LLMs are machine learning models trained on large textual data for NLP applications. They are based on the Transformer architecture and use attention mechanisms for NLP tasks such as question-and-answer, machine translation, sentiment analysis, etc.
The question arises: can the efficiency of these large models be increased while at the same time reducing the computational cost and training time?
Several approaches, such as progressive neural networks, network morphism, internal layer model parallelism, knowledge inheritance, etc., have been developed to reduce the computational cost of training neural networks. The novel LiGO (linear growth operator) approach we discuss sets a new benchmark. This halves the computational cost of training LLMs.
Before discussing these techniques, it is necessary to examine the factors contributing to the high cost of producing LLMs.
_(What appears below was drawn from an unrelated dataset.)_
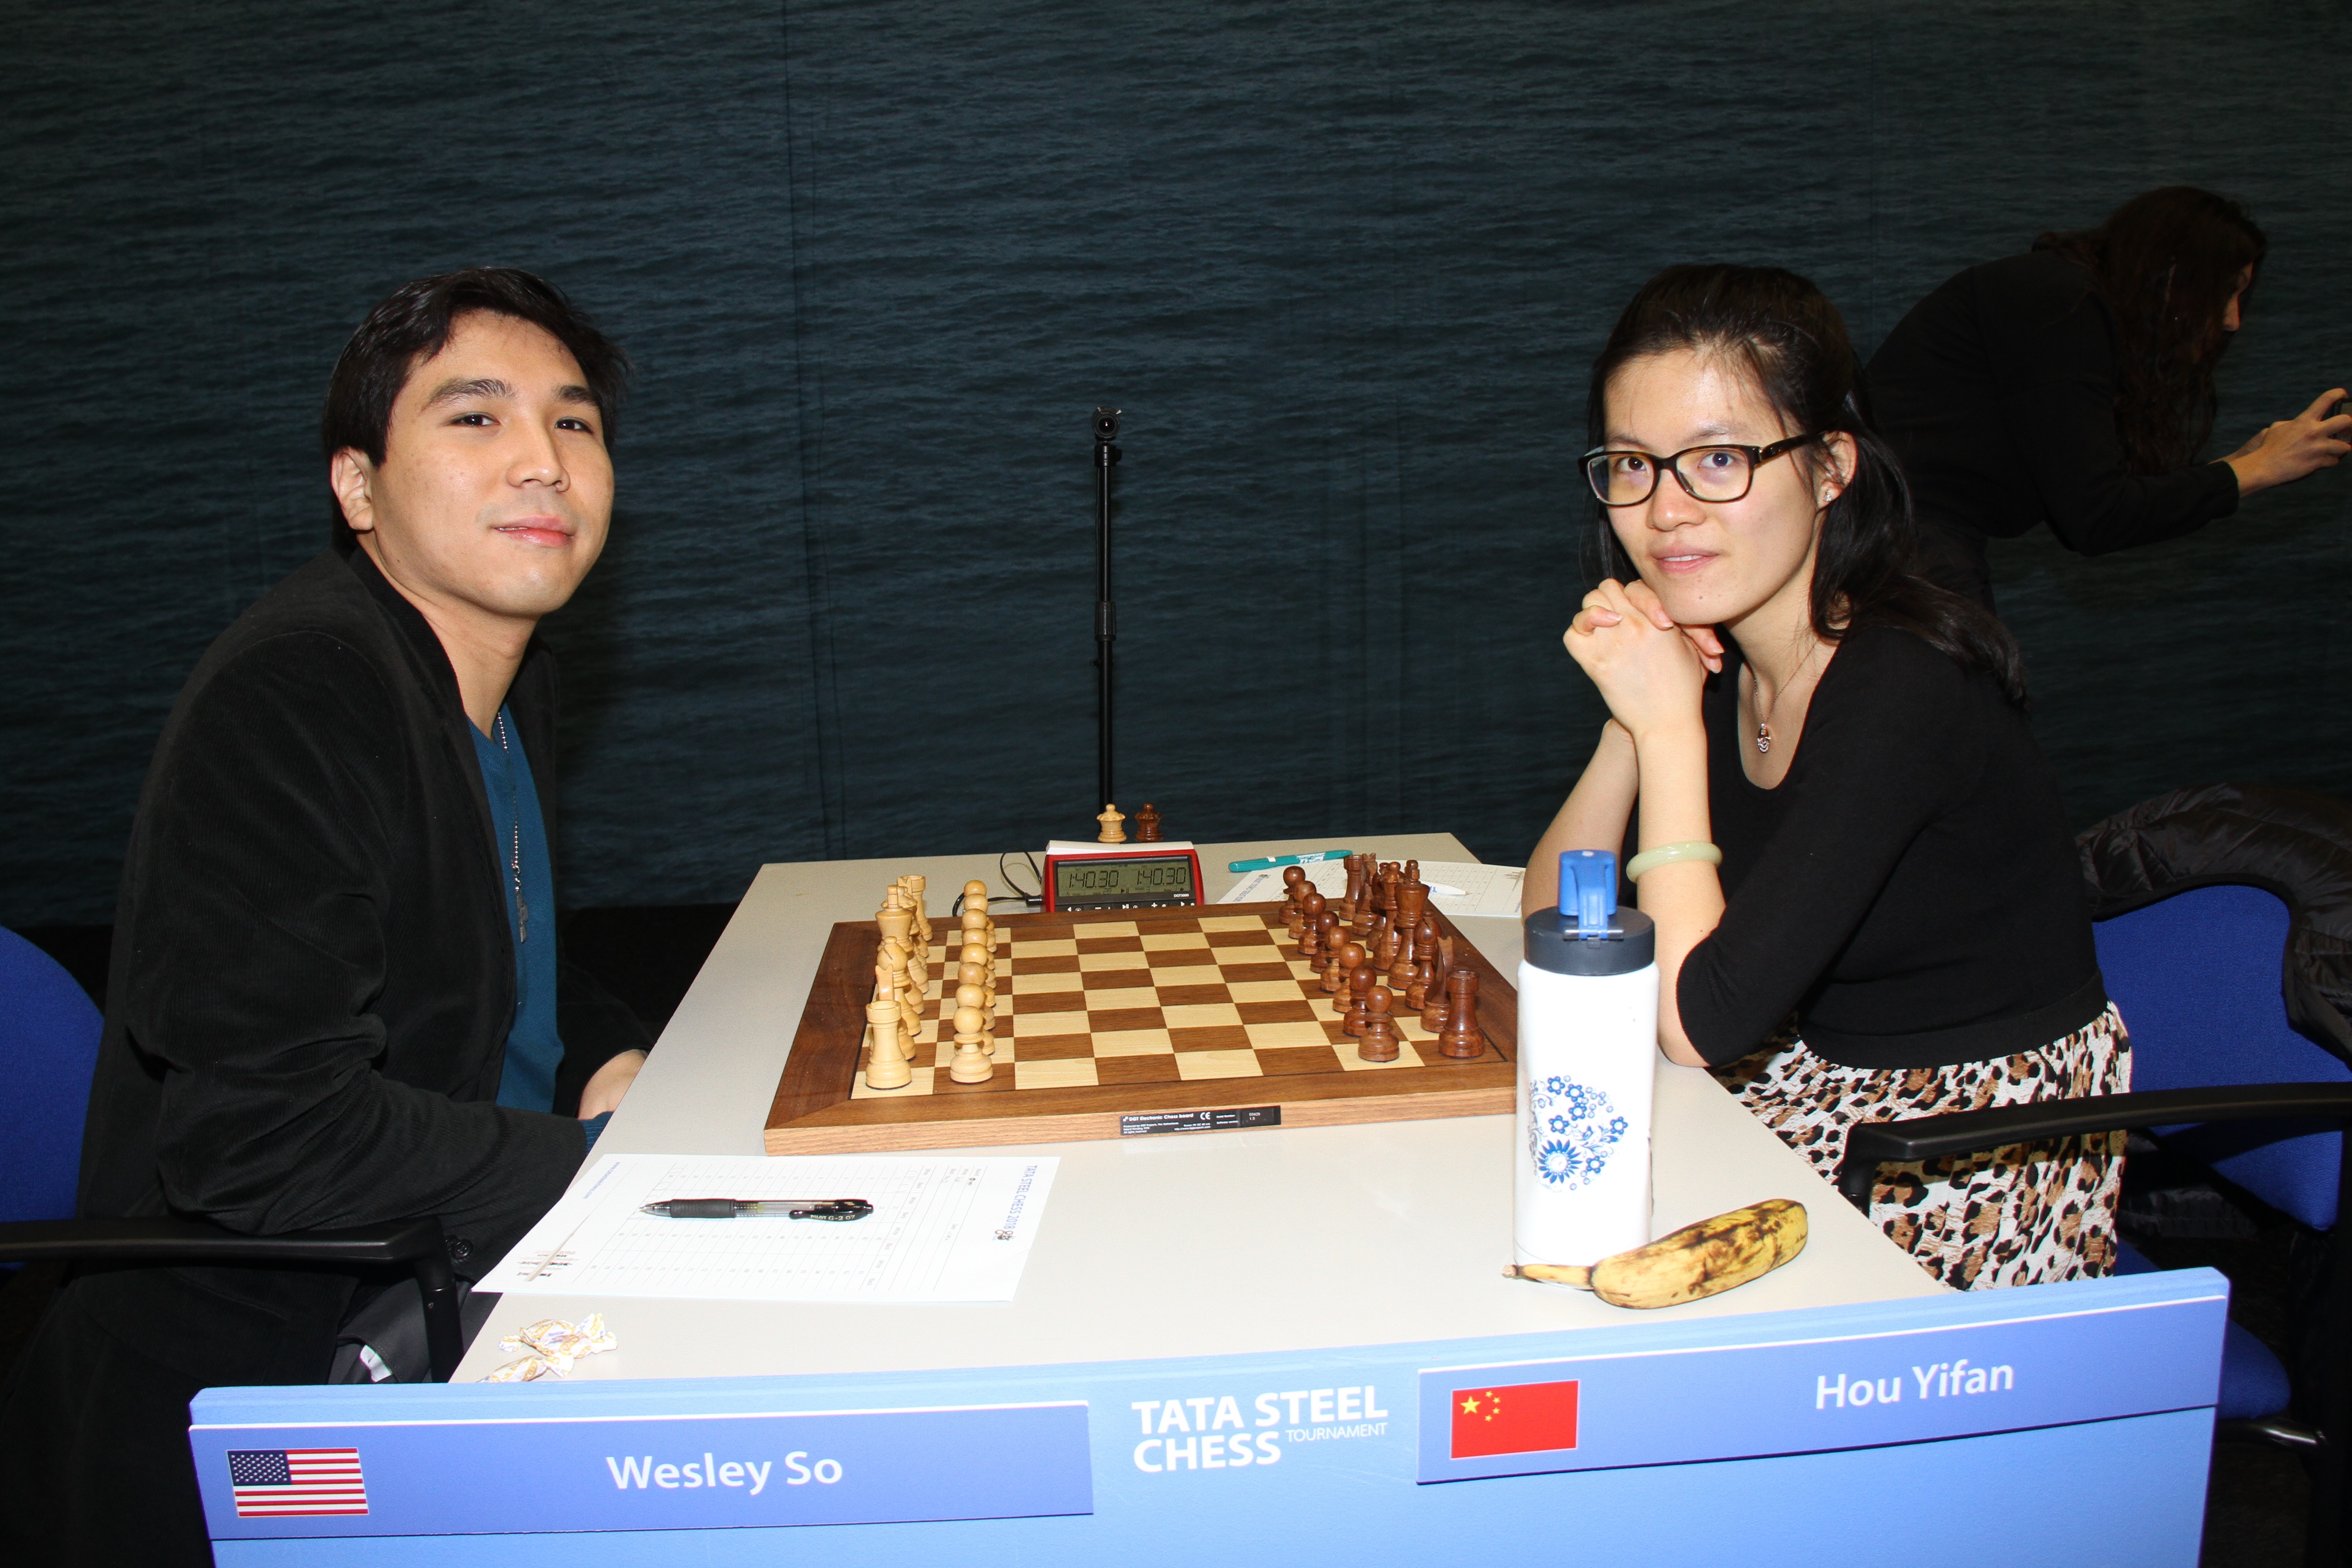 Wijk aan Zee Chess Tournament: Magnus Carlsen suffers back-to-back

The cost of building large language models
The three main costs of developing LLMs are as follows:
1. Computing resources
Building LLMs requires massive computing resources to train large datasets. They have to process billions of parameters and learn complex patterns from massive text data.
Investment in specialized hardware such as graphics processing units (GPUs) and tensor processing units (TPUs) is required to build and train LLMs to achieve state-of-the-art performance.
For example, GPT-3 was trained on a supercomputer with 10,000 enterprise-class GPUs (H100 and A100) and 285,000 CPU cores.
2. Energy consumption
The intensive computing resources required to build LLMs result in significant power consumption. For example, GPT-3 took 14.8 days to prepare 175 billion parameters using 10,000 V100 GPUs, which equates to 3.55 million GPU hours. Such high levels of energy consumption also have significant environmental impacts.
3. Data storage and management
LLMs learn on large data sets. For example, GPT-3 was trained on a huge corpus of text data, including Common Crawl, WebText2, Books1, Books2, and Wikipedia, among other sources. A significant infrastructure investment is required to collect, curate and store these datasets.
Also, cloud storage is required for data storage, and human expertise for data preprocessing and version control. What’s more, ensuring your data strategy is compliant with regulations like GDPR also adds value.
The LiGO technique: Cut the cost of building large language models in half
LiGO (Linear Growth Operator) is a new technique developed by MIT researchers to reduce the computational cost of training LLMs by 50%. The method involves initializing the weights of larger models from smaller pre-trained models, which ensures efficient scaling of neural networks.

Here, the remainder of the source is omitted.